From those early days, as the 20th century progressed, statistics was enlisted for many other causes, including the computation of the gross domestic product, that one number which is nowadays used to conclude how well or badly a country and its government are doing.
By the 1950s statisticians were sitting at the highest policy making circles and helped created five-year plans.
With the general disenchantment with economic planning in the late 1980s and fervour about ‘free markets’ and ‘competition’, statistics and jobs for statisticians took a back seat, but in our contemporary era, young men and women with felicity in statistics get the highest starting salaries after graduation and with the advent of Machine Learning and Artificial Intelligence (the contemporary high-sounding words for statistics) this trend has accentuated many-fold.
At the core of these ultra-fashionable disciplines lies the work of Pearson and his contemporaries of the 1890s: Correlations, regressions and so on.

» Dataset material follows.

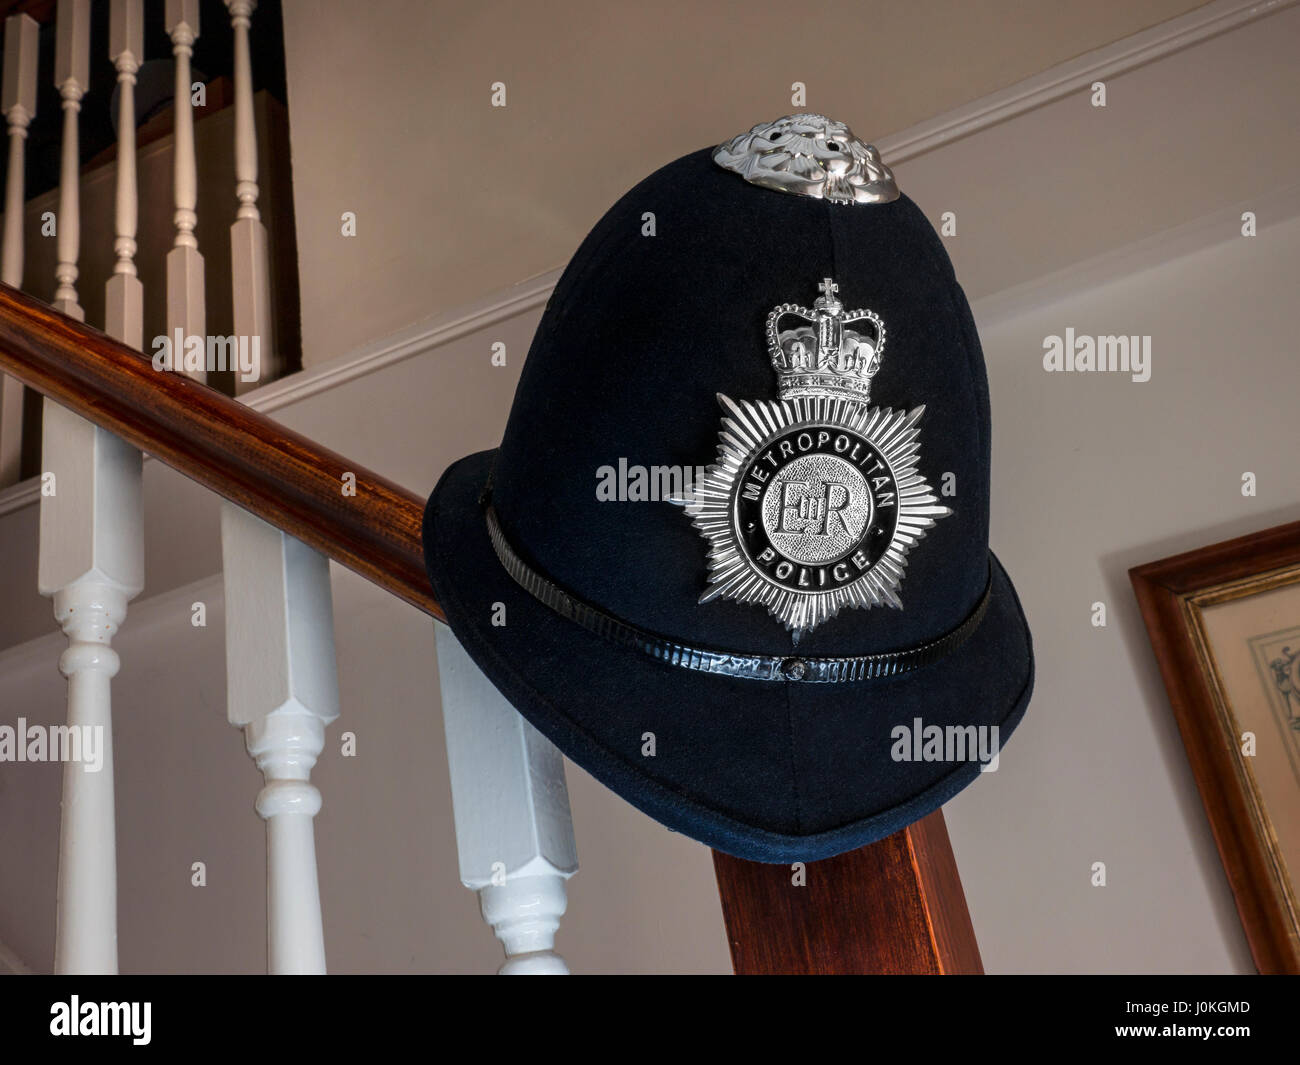 London Metropolitan Polizist Helm und Abzeichen auf Treppe Geländer in inländischen "End of Day/Interview" Heimat Wohnsituation Stockfoto

But, just as these late 19th century tools return to prominence, so have the questions about ‘explainability’, spelling out the reasons for a conclusion about, say, why a loan application was rejected, something which goes beyond saying that ‘the algorithm says so’.
Mridul Mishra of Fidelity Investments, at the same conference, offered some suggestions about what ‘explainability’ could be — what makes a ‘good’ explanation for the conclusions of an algorithm. First, he said, try ‘contrastiveness’, if an input into the algorithm changes.
For example, if the percentage of one’s salary that a loan applicant saves every month increases by, say, 10 per cent, does the algorithm spit out a ‘loan approved’ conclusion.
If yes, the ‘explanation’ for the loan rejection by the algorithm is that the loan applicant is not saving enough.
He spelt out several other ways of providing a ‘good’ explanation. (For the record: Counterfactual explanations, Bin-based explanations, Shapely Value explanations and so on). In other words, creating ‘explanations’ for the output of an algorithm is itself rising to an industry status!
While one cannot quarrel with the desire for ‘good’ explanations, I can anticipate some interesting debates in the immediate future. For example, if an IIM applicant’s CAT exam score is 85th percentile and he is rejected, what answer can we give him if he asks for an ‘explanation’ — that there is statistical evidence that the higher a person’s CAT exam score, the better he will be as a manager when he graduates from an IIM? (Having studied this issue, I can safely tell you that no such correlation exists).
Similar questions may get raised about all the various ‘weeding out’ exam scores that we use in our country for promoting kids in schools, admitting them to colleges and so on.
What will be the ‘good’ explanations? That high school exam score is correlated with the literacy level and a minimum income level of parents?
If that turns out to be true, are high-school exam scores merely a measure of the social origin of a kid?
Such debates are, at present, confined to the esoteric world of tech conferences, but I can see interesting debates (and battles) ahead, once our courts start backing the demand for ‘good explanations’ for conclusions made by algorithms.